● **What the task requires**
Your copy of the entries below should hold exactly the lines from the one containing "Evolve or Repeat." to the one containing "Rain trousers Flexothane", inclusive, and no pictures.

● **Records for the task**
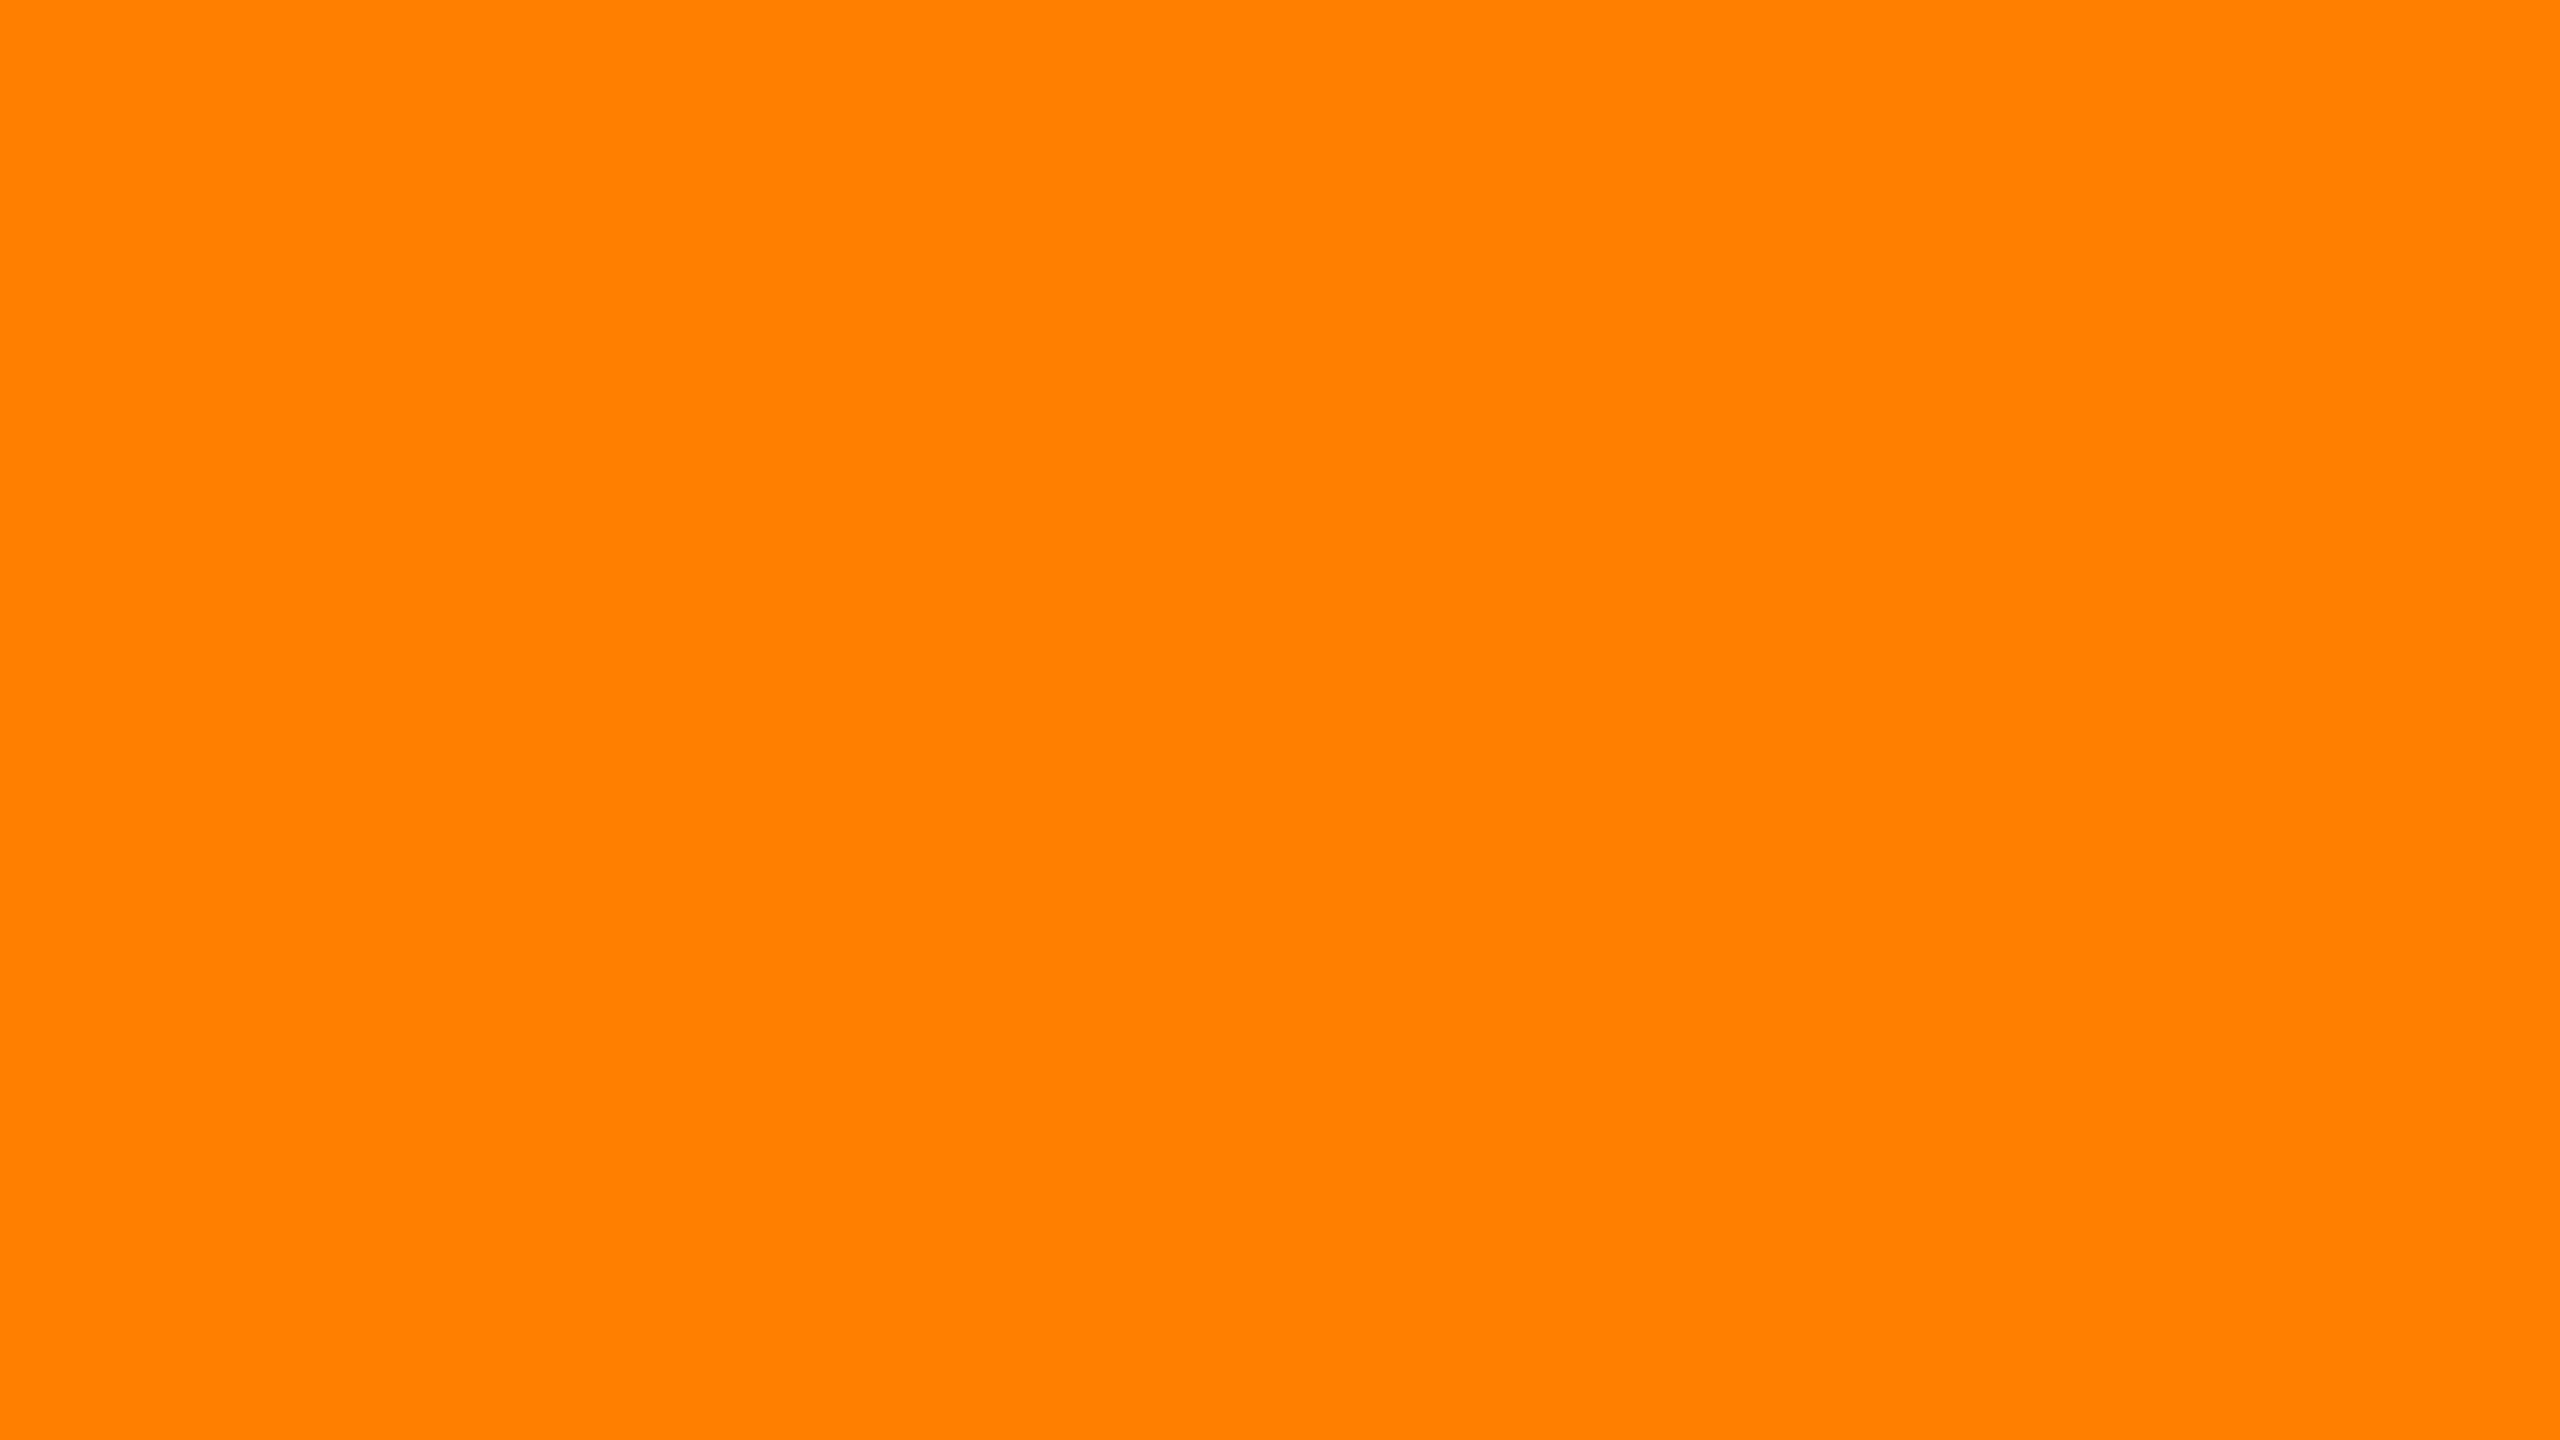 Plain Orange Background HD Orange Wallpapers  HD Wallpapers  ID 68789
==
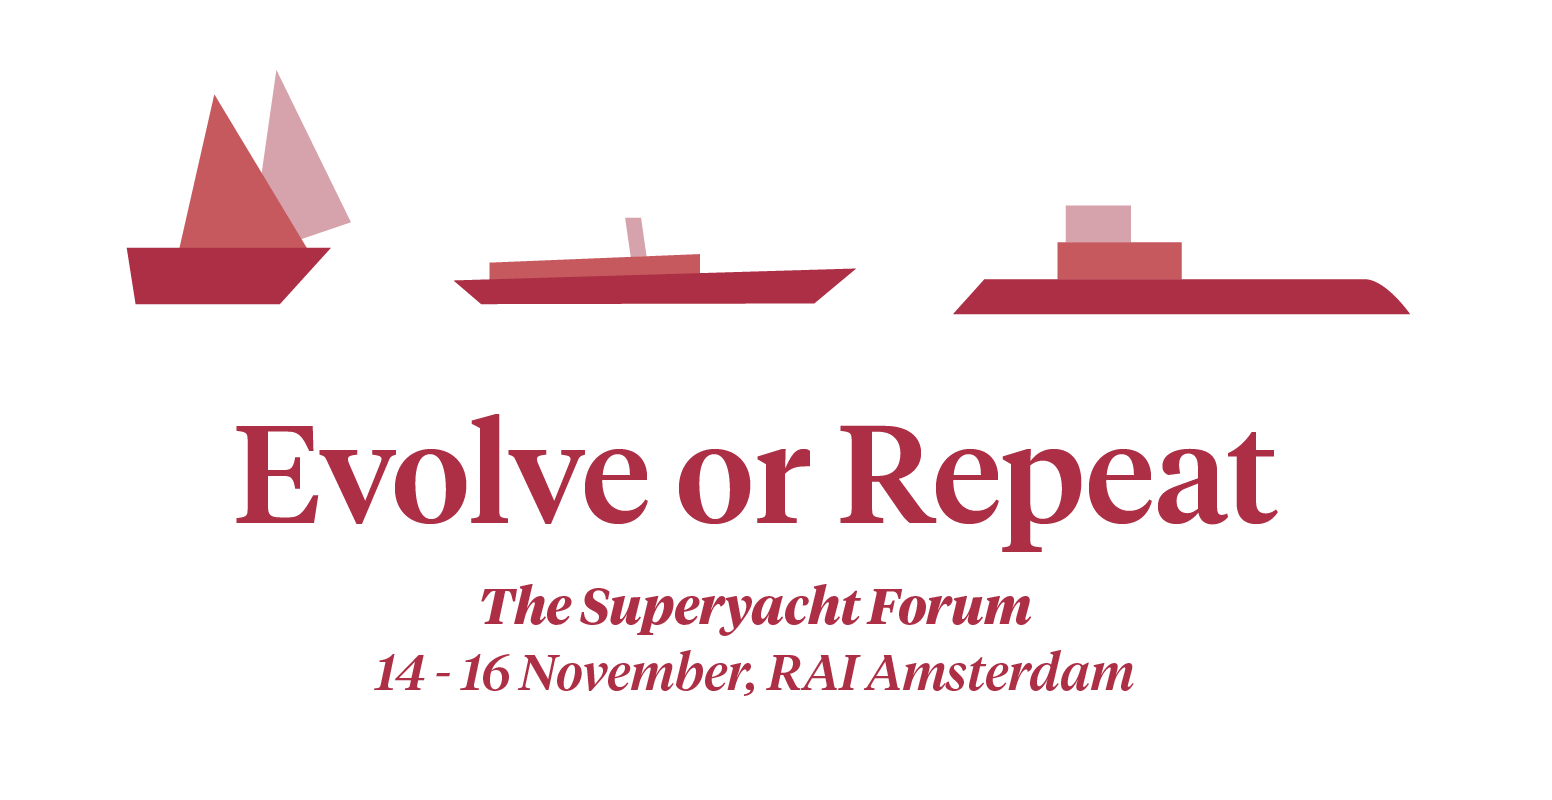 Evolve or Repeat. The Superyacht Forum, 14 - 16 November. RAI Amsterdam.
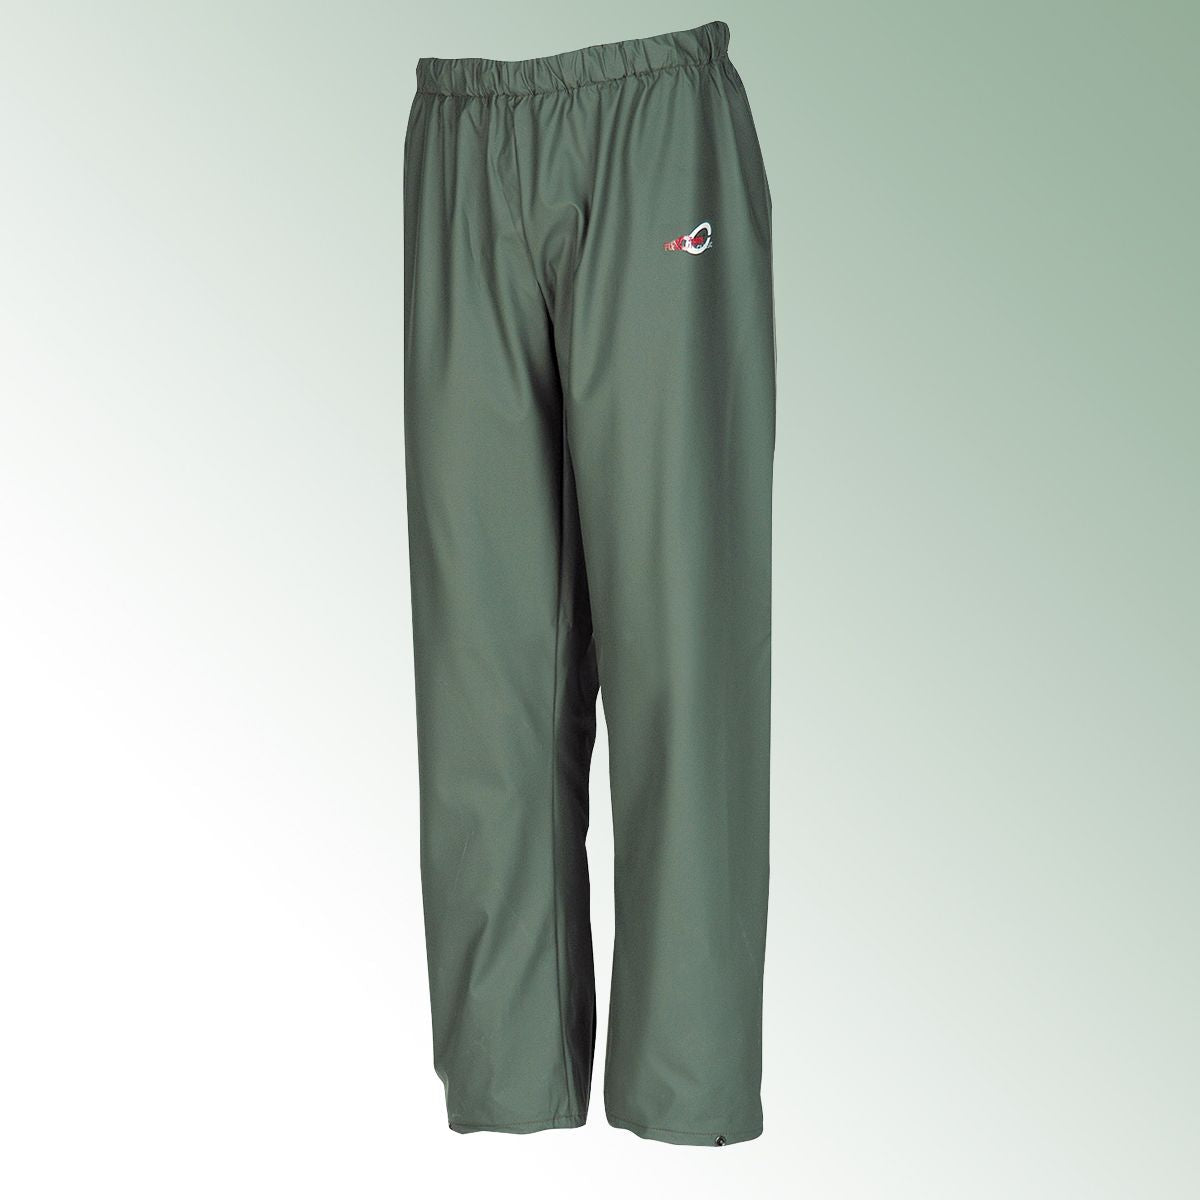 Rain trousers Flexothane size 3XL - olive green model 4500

● **Task result**
 Evolve or Repeat. The Superyacht Forum, 14 - 16 November. RAI Amsterdam.
 Rain trousers Flexothane size 3XL - olive green model 4500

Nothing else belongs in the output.